In Campbell v. United Pacific Transport Pty. Ltd. & Ors. [1966] Qd.R. 465 at 471 Gibbs J. held that an application for leave to proceed under O.90 r.9 of the Rules of the Supreme Court (which is in materially identical terms to r.377 of the District Court Rules) was an interlocutory proceeding within the meaning of O.41 r.3 so that evidence on information and belief was admissible. It appears to have been accepted, at least since then, that an order made in such a proceeding is an interlocutory one: see, for example, Gibson v. The Nominal Defendant (Queensland) Appeal No. 3290 of 1996, judgment delivered 19 July 1996 where that was assumed. Mr. Morris Q.C. who with Mr. O'Neill appeared for Mr. Amos, did not contend to the contrary.
We would therefore conclude that the order made here was an interlocutory order and that consequently leave to appeal was necessary.
The notice of appeal was filed on 14 July 1997 prior to the commencement on 1 August 1997 of amendments to s.118. Relevantly they deleted the requirement that leave shall not be granted unless some important question of law or justice is involved. However for reasons which will appear it is unnecessary to consider whether the applicant Amos had to establish that some important question of law or justice is involved.
Mr. Morris, in applying for leave, told the Court that he had explicit instructions to advance certain submissions. The first of these is that the applicant was misled by a person in the Registry in the Court of Appeal into understanding that leave to appeal was not required. The factual basis of this submission is a letter which Mr. Morris' junior Mr. O'Neill wrote to his instructing solicitor, and which was passed on to the applicant, in which the latter was advised that, in effect, in counsel's opinion leave was necessary but that a contrary opinion had been expressed by an official in the Registry of the Court of Appeal. Plainly this could not have misled the applicant who was an experienced law clerk and an experienced litigant into believing that leave was unnecessary. But even if he had been so misled that would not be a ground for now granting leave.

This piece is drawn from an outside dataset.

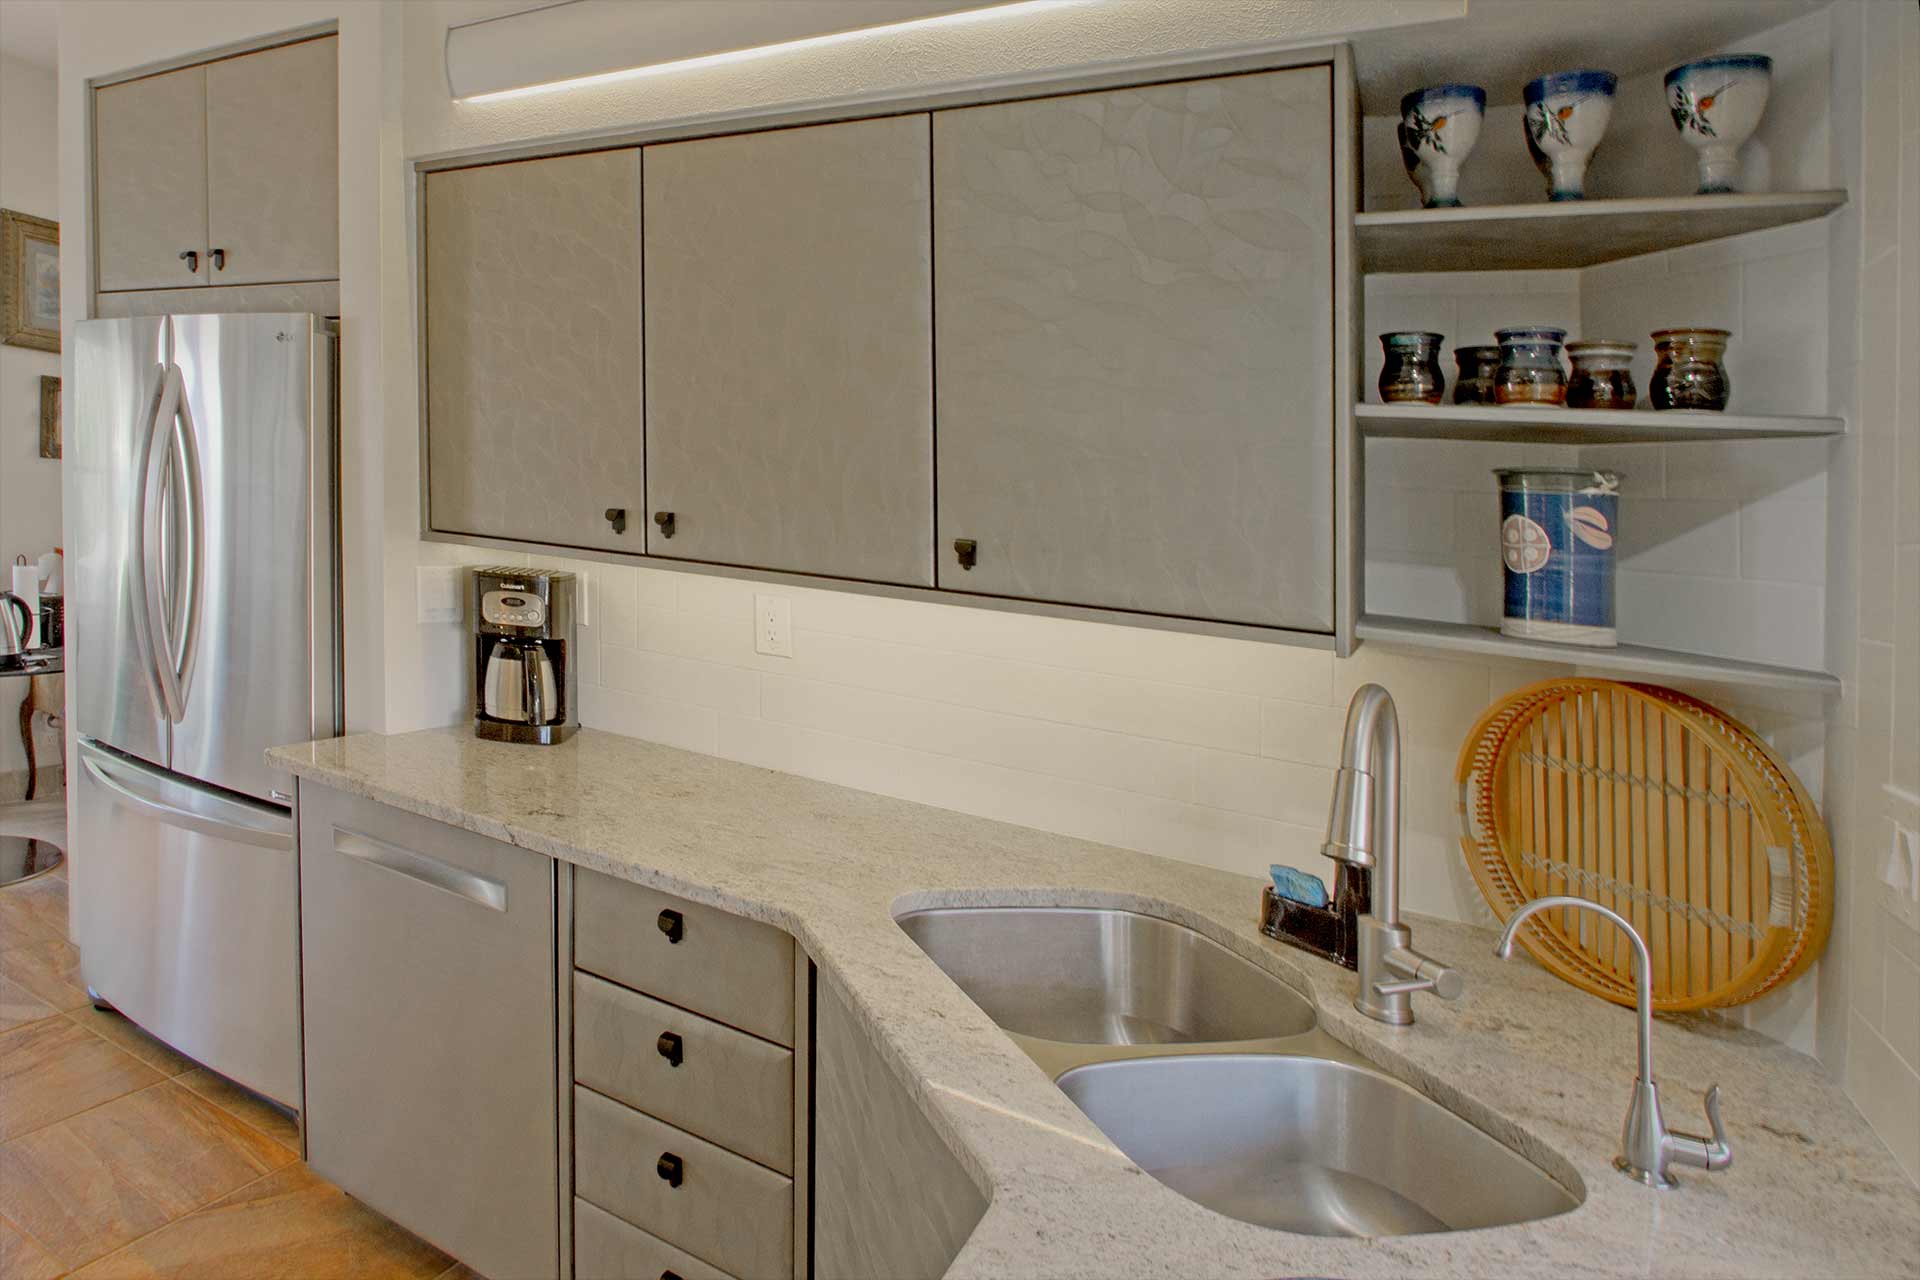 Alvernas kitchen sink and cabinets

The second submission advanced on instructions is that the applicant was compelled to bring an application for leave to proceed even though he contends that leave was unnecessary. He says that he was compelled to bring that application in earlier proceedings. However Mr. Morris advised the Court that he had obtained a copy of the transcript of those earlier proceedings and that there was nothing in the transcript supporting the contention that his client was compelled to apply for leave to proceed. The proper inference from the transcript, he submitted, was to the contrary.
Finally Mr. Morris said he was instructed to submit that it would be a travesty of justice for his client to be denied the opportunity to proceed with his claim, there being errors at first instance in the determination of the application. Assuming in the applicant's favour errors at first instance in the determination of the application, such errors would not be sufficient, without more, to justify a grant of leave to appeal. Here nothing further was contended than that the decision below was wrong. Without expressing any concluded view on the correctness of the decision below, it is not plainly wrong. Nor, if it matters, was any important question of law or justice involved.
None of the reasons advanced by Mr. Morris justify the grant of leave to appeal. We would therefore refuse the application for leave to appeal with costs.